I should also mention that annexation day isn’t the most important celebration of Easter Island’s culture: there is an annual cultural festival known as Tapati that began in 1975 which takes place for a few weeks around February.
Given my pause over the holiday in memory of annexation, I suppose it is a little strange that I have chosen a poem by the Chilean poet Pablo Neruda—and yet, I would have had trouble choosing another poem. I found it online here.
The Separate Rose (Easter Island, 1973)
II: THE MEN
The truth of my prologue is this: Down with sleazy romanticists!
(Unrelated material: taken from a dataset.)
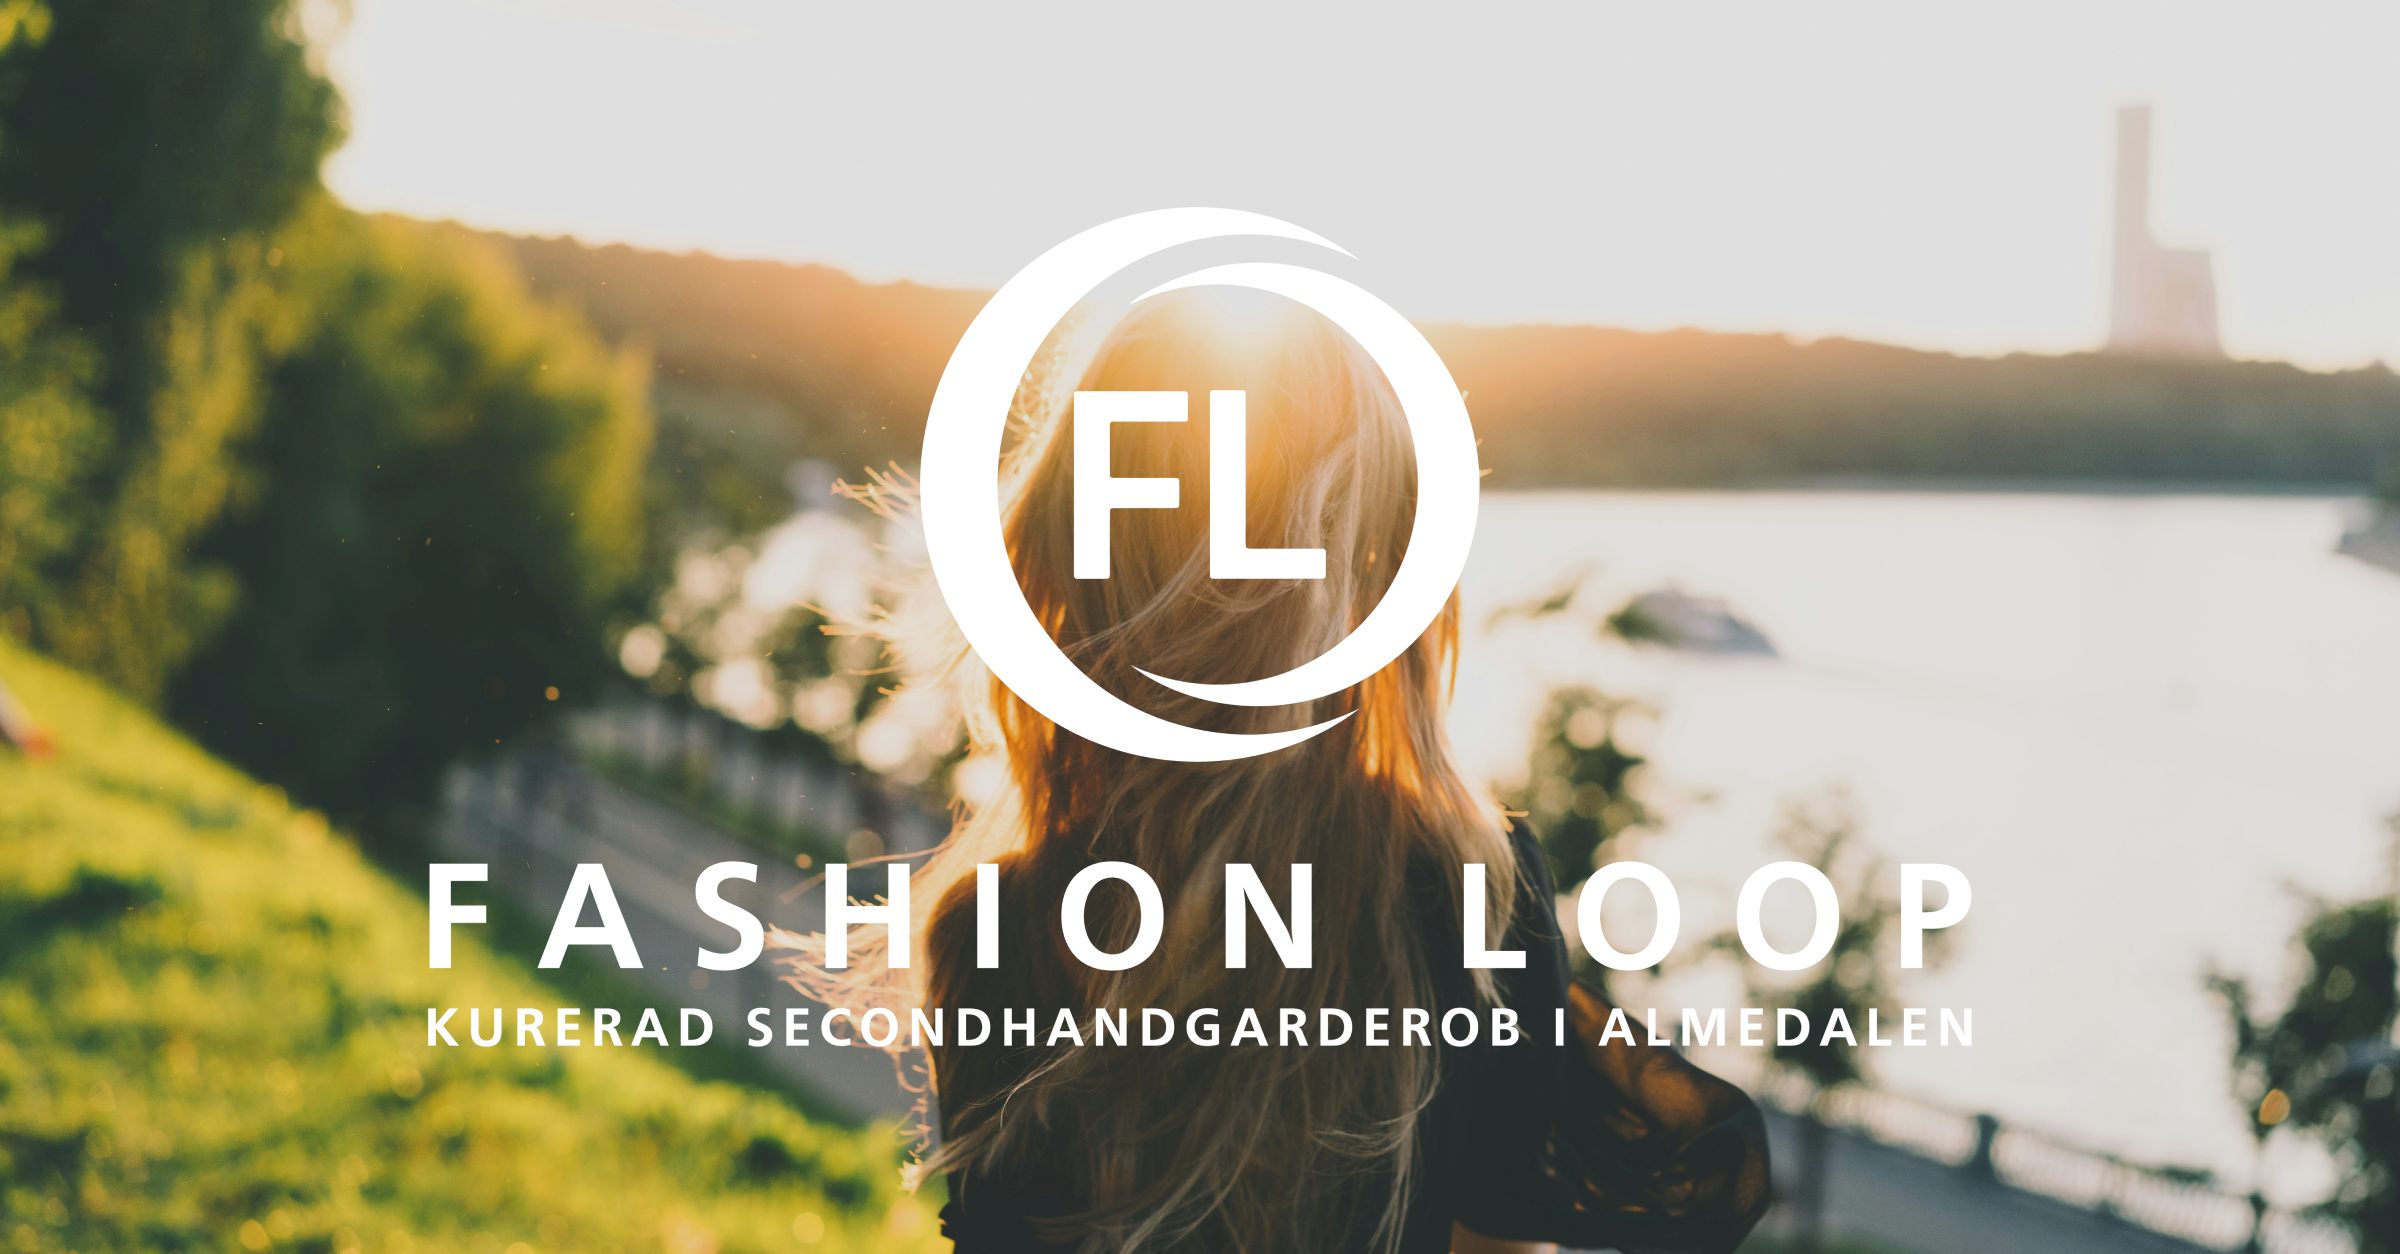 Köp inget nytt, låna från Fashion Loop Almedalen - en kurerad secondhandgarderob

with experts in the ineffable!
I’m just like the others: the Colombian lady-professor,
the Philadelphian Rotarian, the drummer
from Paysandú who cashed in a bundle
to get here. In a mishmash of languages, by dissimilar routes we all come upon: Silence.
VII: THE ISLAND
When the colossuses multiplied,
walked upright into their own,
peopled the island with stone noses
and lived to beget their descendants: children
of lava and wind, grandsons
of ashes and air, great footsteps
were heard in the island:
the hands of the wind,
the criminal cyclone,
Oceania’s persistency
never worked with such fury.
The tremendous, pure heads,
long in the neck and lugubrious,
with jawbones of giants, erect
in the pride of their solitude -
those presences,
preoccupied,
arrogant presences.
O lone, pensive dignitaries –
who would ever presume, who would dare to come close
with their questions, or challenge
those questioning images?
They are the spawn of those askers
who exceeded the narrow constraints
of the island, moved out, from its minimal waist
towards the whole of an ocean –
to the human beginnings of things, and their absences.
Some of the bodies will never assume their full stature,
their arms shapelessly locked
into craters, asleep:
bedded down in calcareous rose,
never lifting their eyes to the sea,
sleeping the leviathan’s horizontal sleep,
stone larvae of mystery,
they lie now as when flung by the wind when it fled from that country
and the breed of the children of lava was over.